You know what ,i agree with @xtreme cuber2007 here I feel like he is correct and his family did vote. It's fine just deal with it, it's not a big deal. He may just have a family of cubers, who knows its not your business. You can just deal with it, it's not the end of the world. Apparently to yall if something happens less than 95% of the time, its fake. I do see yalls argument but I think the defendant here wins. Just don't accuse people of crap like this. It just happens.


----------



## DuckubingCuber347 (Sep 4, 2021)

LukasCubes said:


> You know what ,i agree with @xtreme cuber2007 here I feel like he is correct and his family did vote. It's fine just deal with it, it's not a big deal.
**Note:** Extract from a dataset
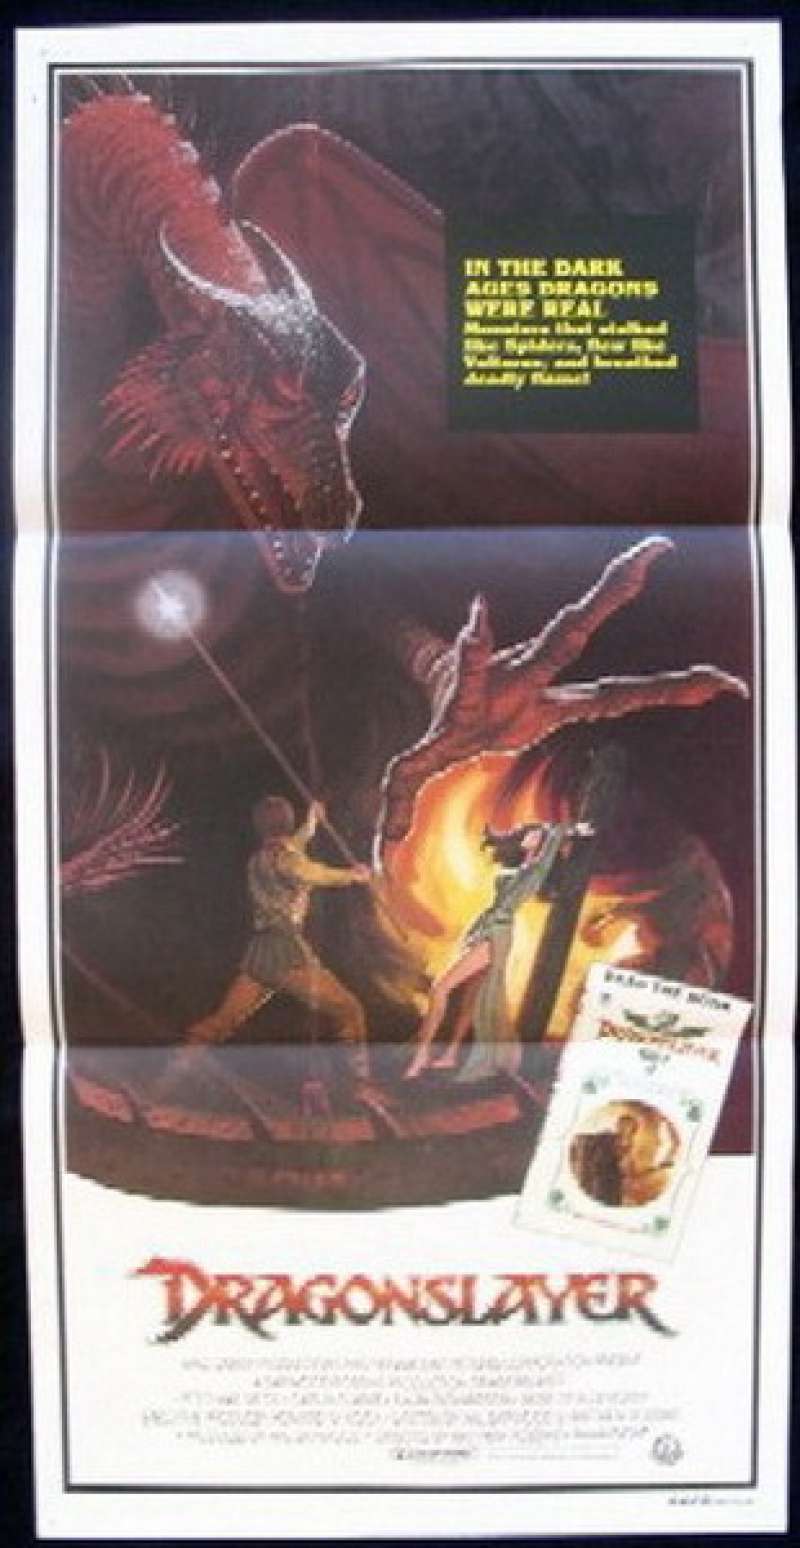 Fantasy movie done right: Dragonslayer (1981)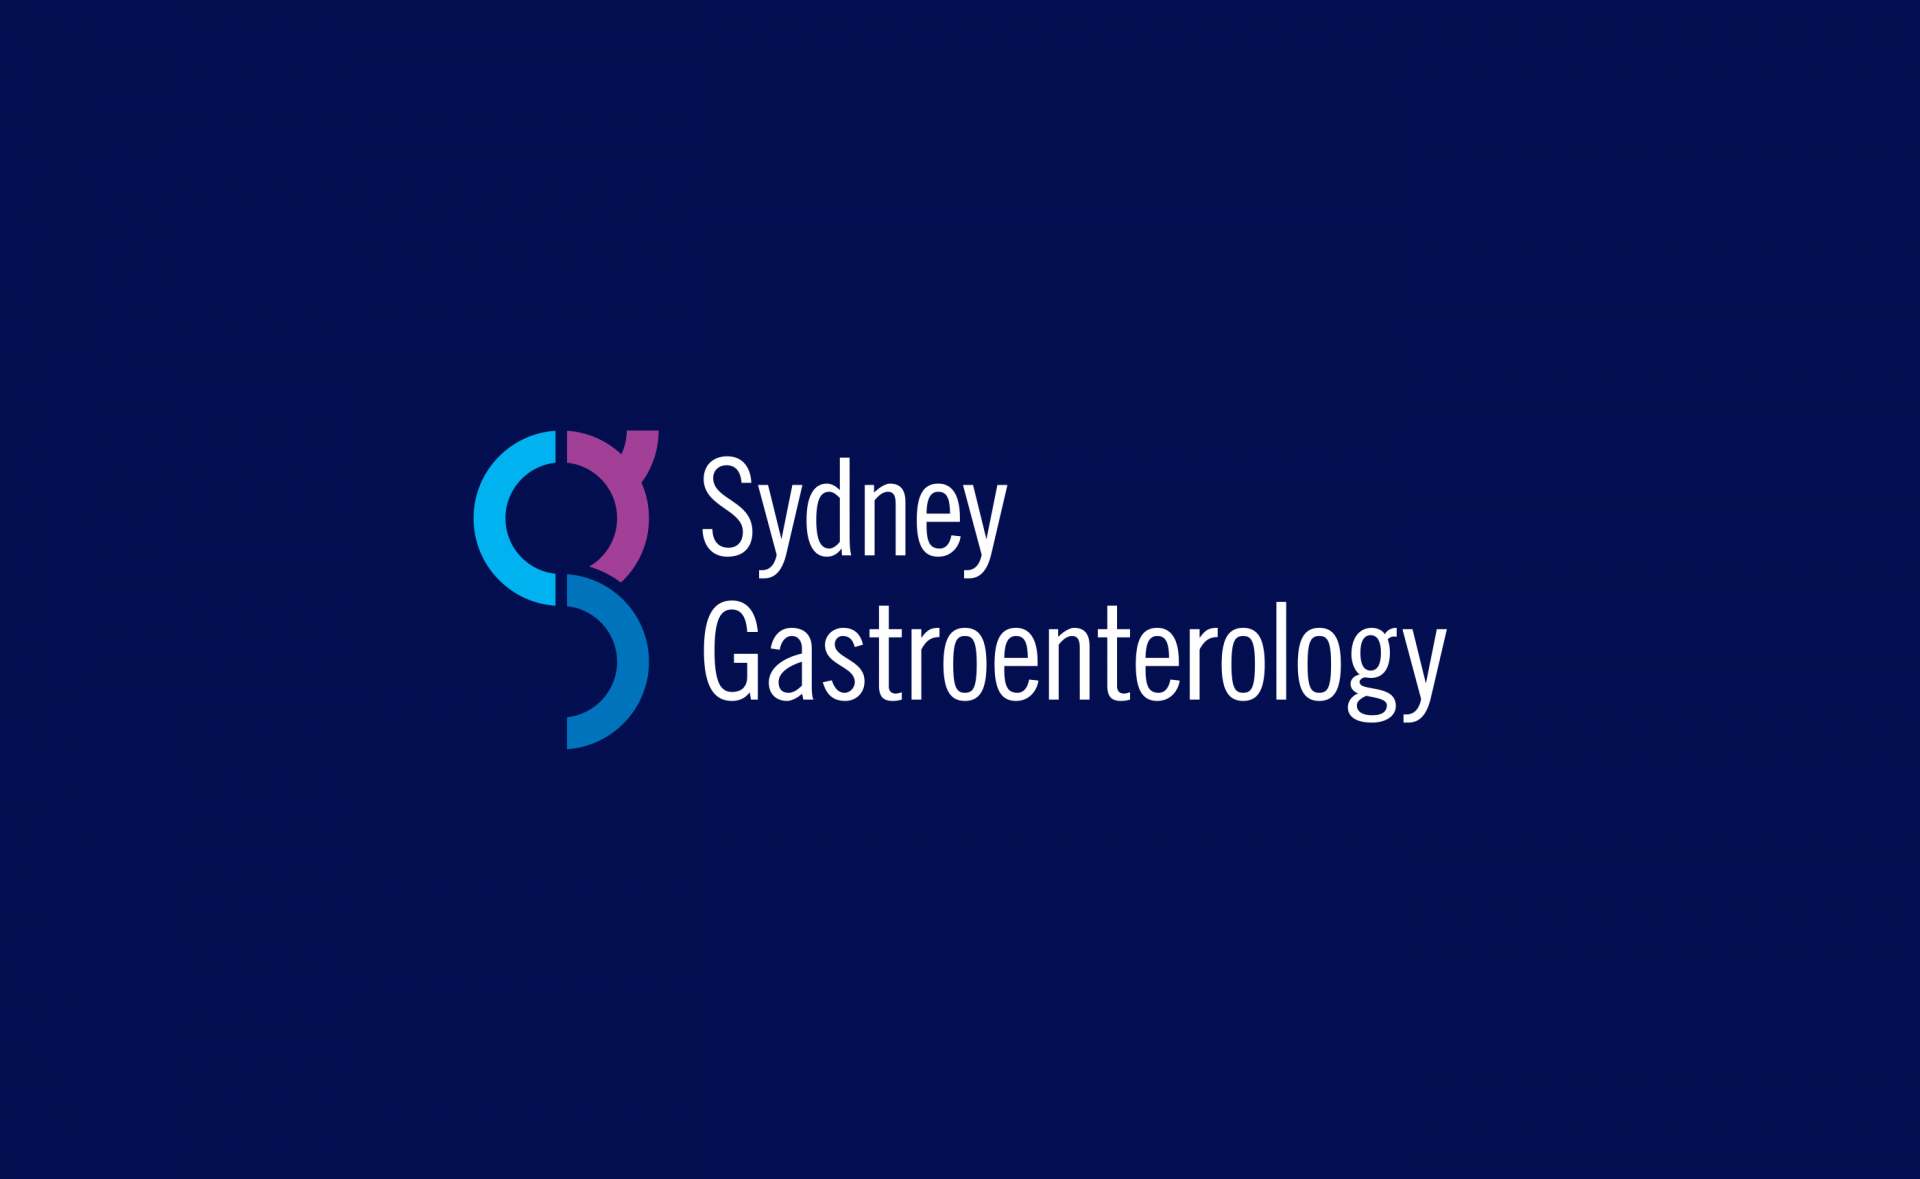 Sydney Gastroenterology Medical Branding

He may just have a family of cubers, who knows its not your business. You can just deal with it, it's not the end of the world. Apparently to yall if something happens less than 95% of the time, its fake. I do see yalls argument but I think the defendant here wins. Just don't accuse people of crap like this. It just happens.


Just when I was starting to change my opinion on you...

This is quite literally the single worst argument I have ever heard on the forums and in real life. (@BenChristman1 if you're working on forum awards this year I'd like to nominate this for *Worst Arguing *and *Dumbest Post of the Year. *No offence Lukas). You start off in a way that suggests you wrote this spontaneously. "You know what" is a horrible to start a post, you also didn't capitalize the first "i" but did for the second. You than say you "feel" that he is correct which is fine. But it makes sense to be skeptical given that he didn't provide good evidence or a confident tone.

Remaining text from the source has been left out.